5. Increase your savings
Sometimes you can even save money and increase savings! If you’re refinancing mostly to get more competitive interest rates it will mean you have lower monthly installments and more available income to save.
This money can go into investments, a high yield savings account or just personal investments you’ve been wanting to make. Otherwise, it’s a good way to plan your finances better and start saving in the future.
6. Pay everything off faster
It’s important to know that you can’t both get lower installments and pay your loan faster at the same time. You must choose one or the other according to your financial prospects.
People who choose a shorter payment term will be able to get rid of their student debt faster. Which is a great idea for anyone looking to start new investments in their life without having to worry about their student loans.
Cons of refinancing student loans
All the benefits we showed so far don’t mean that refinancing student loans is a good choice for everyone. There are a few important cons you must consider, as you’ll see in the following topics.
1. Refinancing student loans isn’t always possible
There are two main factors that might not allow you to get a student loan refinance:
- Bad credit score;
- Low debt-to-income ratio.
Lenders want to make sure that the chances of getting payment is as high as possible. Which is why refinancing is rarely available for people that have bad credit and don’t earn much more than they owe. Getting a score between 600 and 700 makes it much more likely to get an approval.

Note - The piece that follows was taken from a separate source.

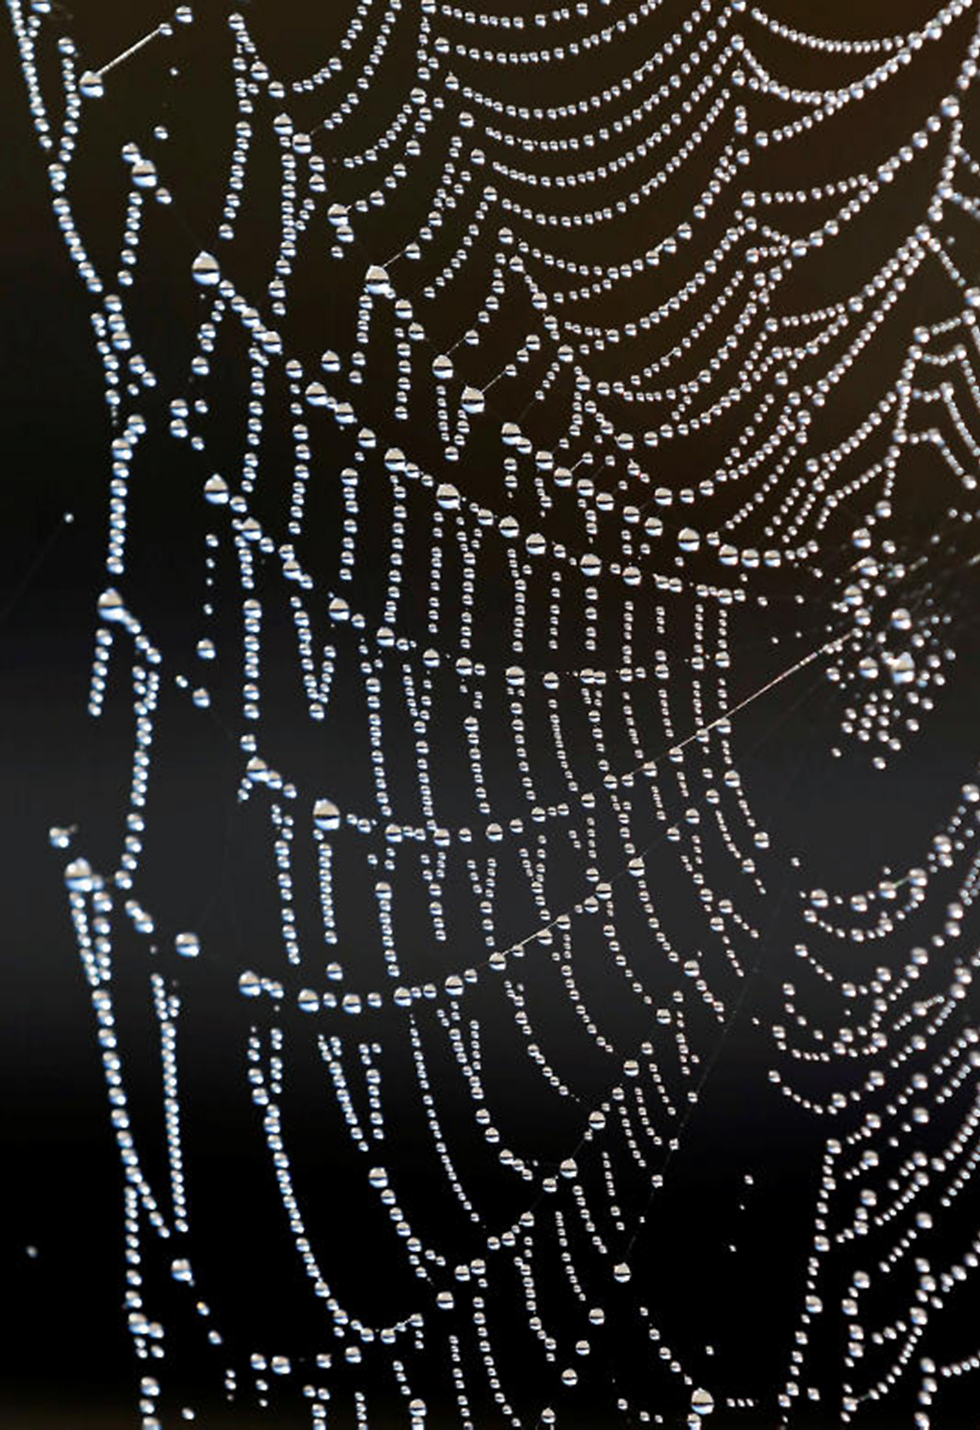 טיפות מים על קורי עכביש בשאטו לה לובייר באזור לאוניין שבדרום-מערב צרפת (צילום: רויטרס) (צילום: רויטרס)

2. Interest rates may not get lower
Interest rates tend to be lower when you refinance, but that isn’t a universal rule. There are plenty of situations when you don’t actually get this type of advantage. That means you must compare your choices: if the interest rates aren’t much different from the original, what are you getting in return? Is it lower monthly payments spread over more years?
3. Losing federal repayment protections
Federal loans give access to a few benefits, such as income driven payment plans that allow you to get better interest rates or longer terms. There is also a possibility to get federal loan forgiveness over the years, but since that isn’t certainty you shouldn’t rely on just that to finish your payments.
Since the 2020 pandemic, federal loans have used some protection programs for people who have suddenly lost their income. As soon as you change to private providers, all of these benefits are gone.